I have searched on the internet for 3S shops that are supposed to be sales, service and parts. The mechanics are supposed to me trained by the manufacturer in a 3S shop.
Honda Supremo (new name for TMX 155) is my choice for the trike. The new model has new features: It has electric start and full instrumentation. There is a major 3S shop next to the LTO in Angeles proper and another good 3S shop in DAU very near the bus terminal. Parts are very easy to get and the motorcycle is easy to mate to a side car. I do not like any of their scooters. I did buy one from the dealer in DAU since it is near my home (the other dealer by the LTO does seem better). Included in the sale price is free extended 3 year warrantee, a surprisingly very nice helmet, 2 free shock absorbers (for use with a trike) and a silly Honda shirt. I am waiting for the sidecar to be built. 
As far as the scooter goes: I do like the Suzuki Hayate 125 fl. There is only 1 3S dealer that is near Robinson’s mall in Angeles. They do NOT have parts although they claim to be and listed by Suzuki as a 3S shop. I been told parts are hard to get so that is off my list. I am leaning towards the Yamaha Mio. There is a very nice 3S shop near where I bought my Honda Supremo.


----------



## jon1 (Mar 18, 2012)

If you are leaning towards Yamaha, why not a Sniper? It has a 135cc liquid cooled engine. It has enough torque to get you around. I have one that is 6 years old now and had no problems with it to date. Very durable and gets 100 miles to 1L of gas. It is good for getting around the town in.


----------



## M.C.A. (Feb 24, 2013)

Use the coveted motorcycle that all tricycle drivers prefer if their budget fits and thats the Kawasaki 175cc Barako, it's a very strong bike and will last you many years, they run about 75,000 -85,000 peso's new.
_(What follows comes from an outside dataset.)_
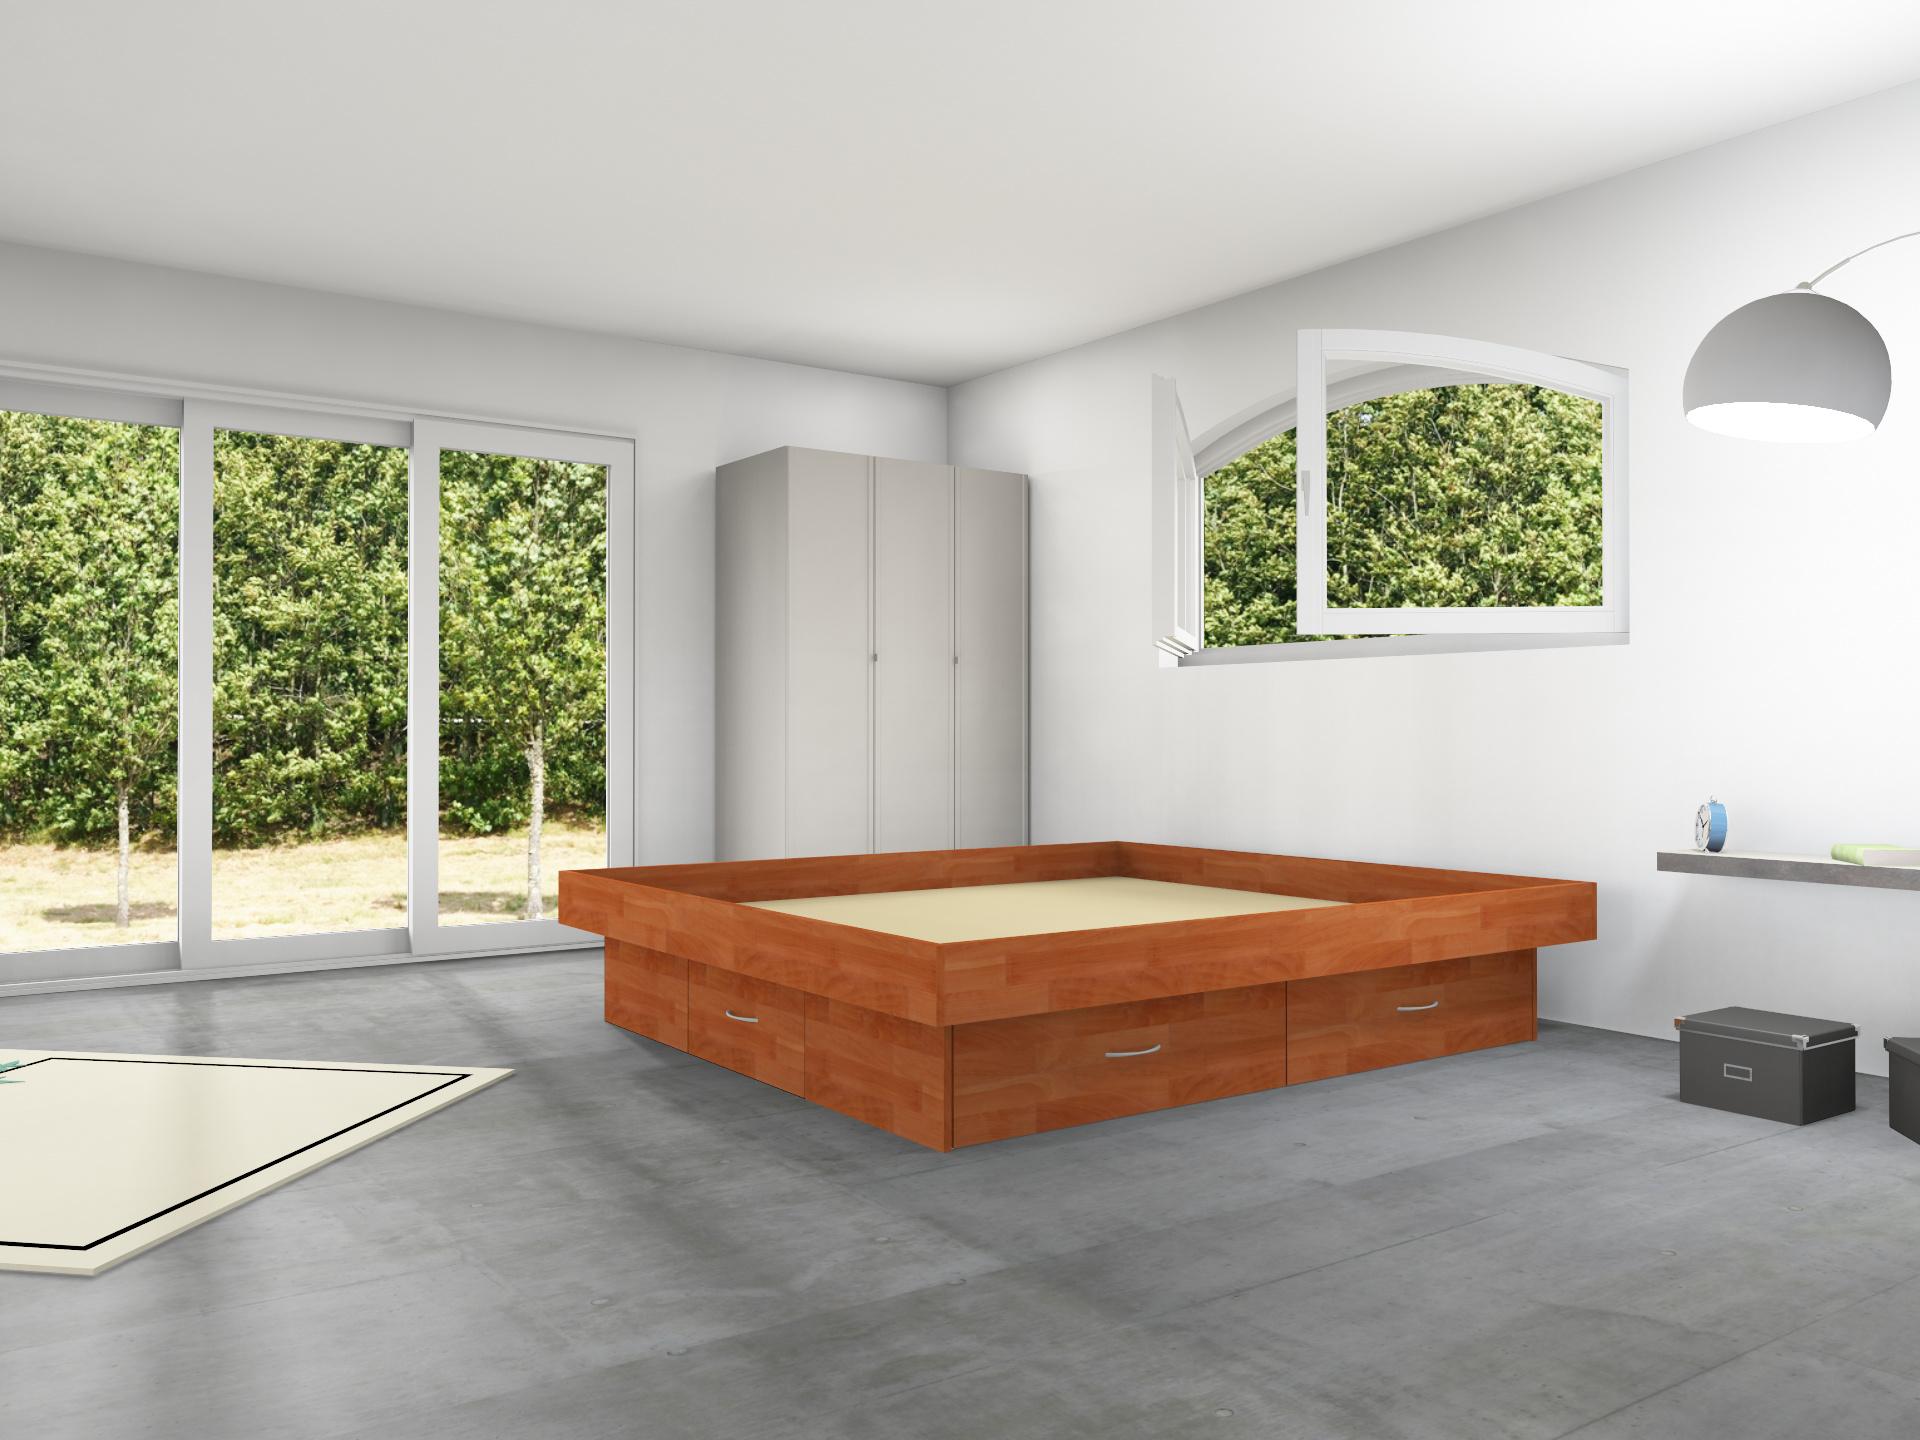 4er Massivholz Schubladen Podest inkl. Umrandung für Wasserbetten

You could also get a used truck (I wished I'd bought a truck) or vehicle for about the same price, you won't have to worry about getting soaked and the trips are more pleasurable. We bought a Mitsubishi Lancer 4 door for 65,000 peso's it needed work, shocks and stuff like that but it's more than paid for itself after 5 years it also has a much bigger engine 1200cc.


----------